Эти исследования принимают форму первых фроттажей, или натираний (составивших опубликованное в 1926 году портфолио «Естественная история»), по поводу которых Эрнст пишет: «Я был поражен внезапным обострением своих визионерских способностей и галлюцинаторной чередой противоречивых образов, наслаивающихся один поверх другого с настойчивостью и быстротой любовных воспоминаний» (BP 7). Здесь, опять же, визионерский опыт вытекает из вуайеристского; снова идентичность художника определяется в категориях первосцены (галлюцинаторной, противоречивой, любовной). Однако на сей раз первосцена переписывается как эстетическое открытие, которое искупает первоначальное событие, даже будучи в нем укоренено: в его скопофилическом взгляде, в его аутоэротическом натирании[238]. Согласно Фрейду, означающее «натирание» в этой первосцене относится не к родителям, а к ребенку, чья фантазия «прикрывает», или «маскирует», его аутоэротическую активность, фактически «облагораживает» ее. Техника фроттажа воспроизводит этот гипотетический момент: это художественный исток, в котором фантазия, сексуальность и репрезентация связаны воедино, одновременно замаскированные и облагороженные.
Но как они замаскированы и облагорожены, то есть сублимированы? Тут Эрнст отступает от фрейдовских рассуждений о Леонардо, которым в остальном соответствует (возможно, даже следует). Фрейд доказывает, что любознательность этого художника, его исследовательские способности производны от сексуального любопытства, которое никогда не сдерживалось отцом по причине его отсутствия. Эрнст разделяет это любопытство, в конечном счете касающееся истоков, и в «Некоторых сведениях о юности М. Э.» он играет с этим портретом (как и Фрейд в своем толковании Леонардо, Эрнст связывает пробуждение этого любопытства с рождением брата-соперника). Однако ключевой момент анализа Леонардо касается его раннего посвящения — травмы, которая проявилась в его искусстве как сексуальная неопределенность. Именно этот момент Эрнст стремится воспроизвести — но с одним отличием.
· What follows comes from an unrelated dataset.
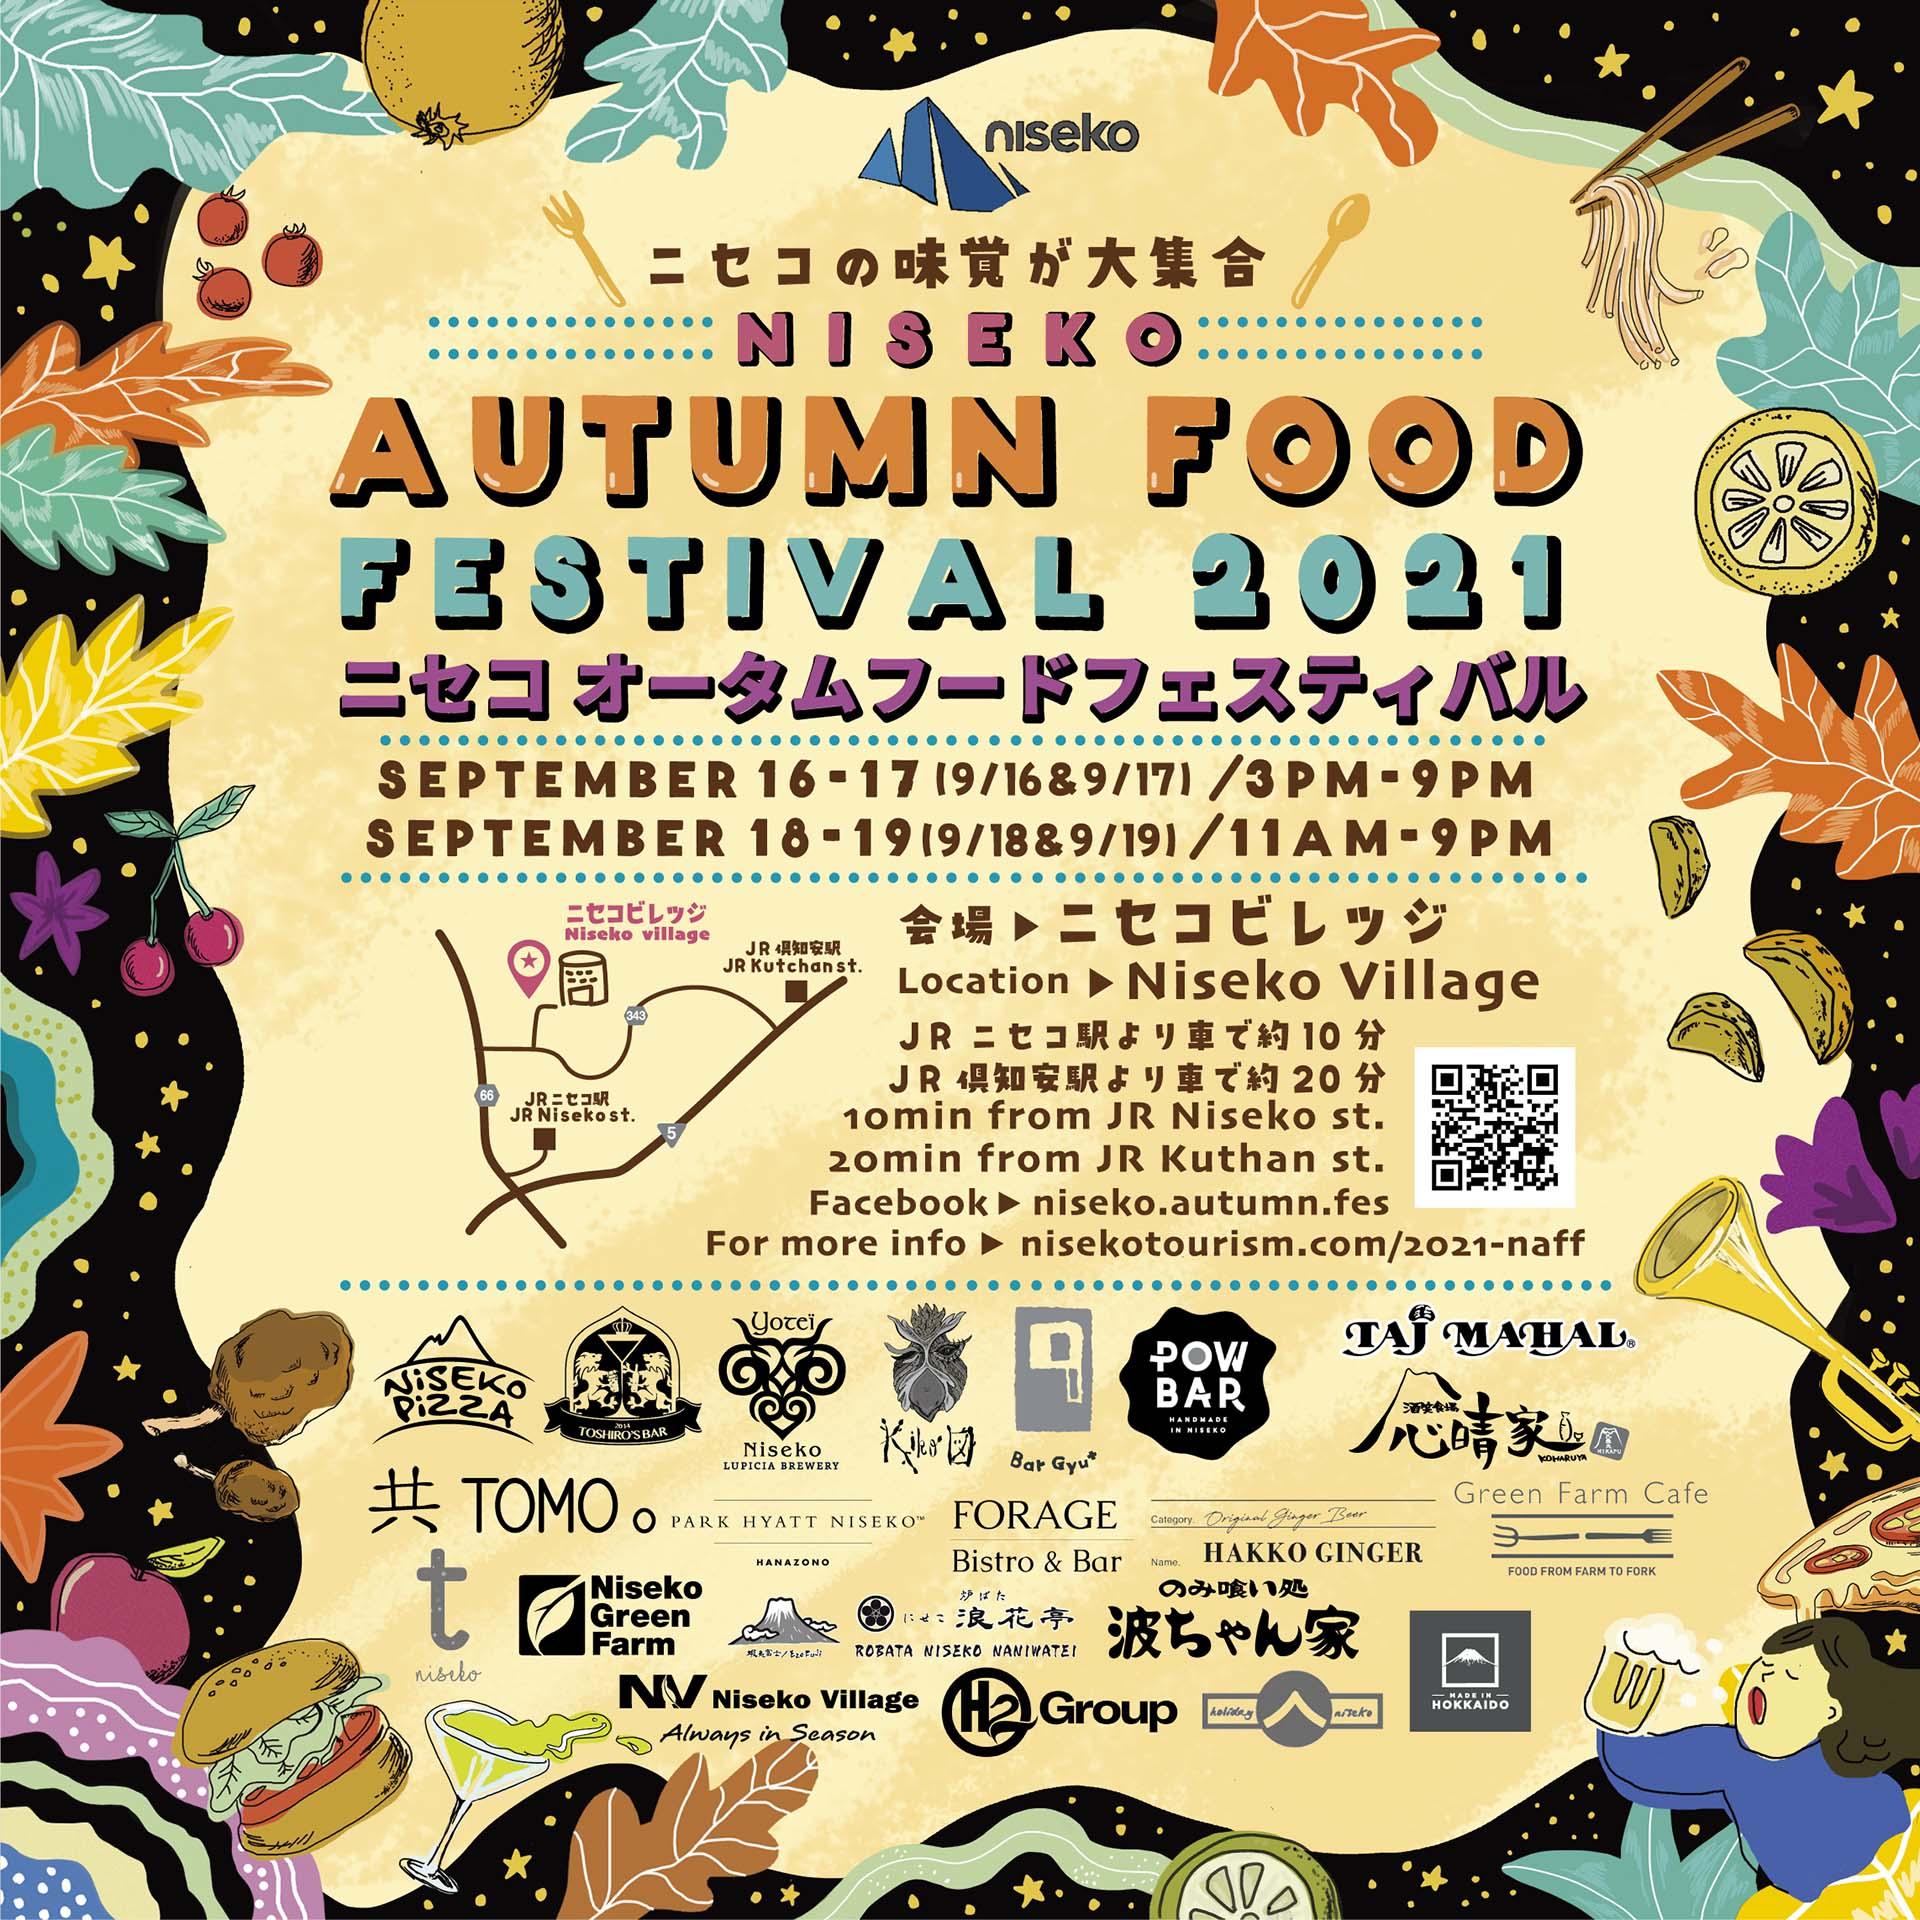 2021 Niseko Autumn Food Festival

Он не сублимирует его; с помощью своих техник — коллажа, натирания и соскабливания — он его ресексуализирует — отчасти чтобы продемонстрировать презрение к отцу (отнюдь не отсутствовавшему), шокировать свое мелкобуржуазное общество.
Фрейд в своем анализе рассматривает эту сексуальную неопределенность через призму знаменитой фантазии Леонардо о том, что в детстве его губ касался коршун. В этом рассказе, по мнению Фрейда, Леонардо «вспоминает», как его кормила мать, то есть вспоминает ее любовь, за которую он позднее отплатил преданностью теме Марии и младенца Иисуса[239]. Однако, утверждает Фрейд, воспоминание о материнском соске скрывает также фантазию о материнском пенисе, и, собственно, именно этот парадокс — соблазнения одновременно приятного и агрессивного, родителя одновременно нежного и жуткого — перерабатывается Леонардо в его загадочных фигурах. Подобная энигма в разных вариантах обнаруживается, как отмечалось ранее, у де Кирико. Это верно и для Эрнста, о чем с максимальной ясностью свидетельствует его двусмысленный и изменчивый персонаж по имени Лоплоп — птица и/или человек, мужчина и/или женщина[240]. Но Эрнст перерабатывает эту сексуальную неопределенность также на формальном или техническом уровне (как и в случае де Кирико, тут имеется не просто иконографическая связь). Действительно, его эстетика отдает предпочтение «пассивной» (гомосексуальной) позиции, которую занимает Леонардо в его фантазии; в более широком смысле она ценит «постоянно сменяющиеся позиции травматической сексуальности»[241]. К этой чуткой сексуальной подвижности и стремится Эрнст в своем искусстве.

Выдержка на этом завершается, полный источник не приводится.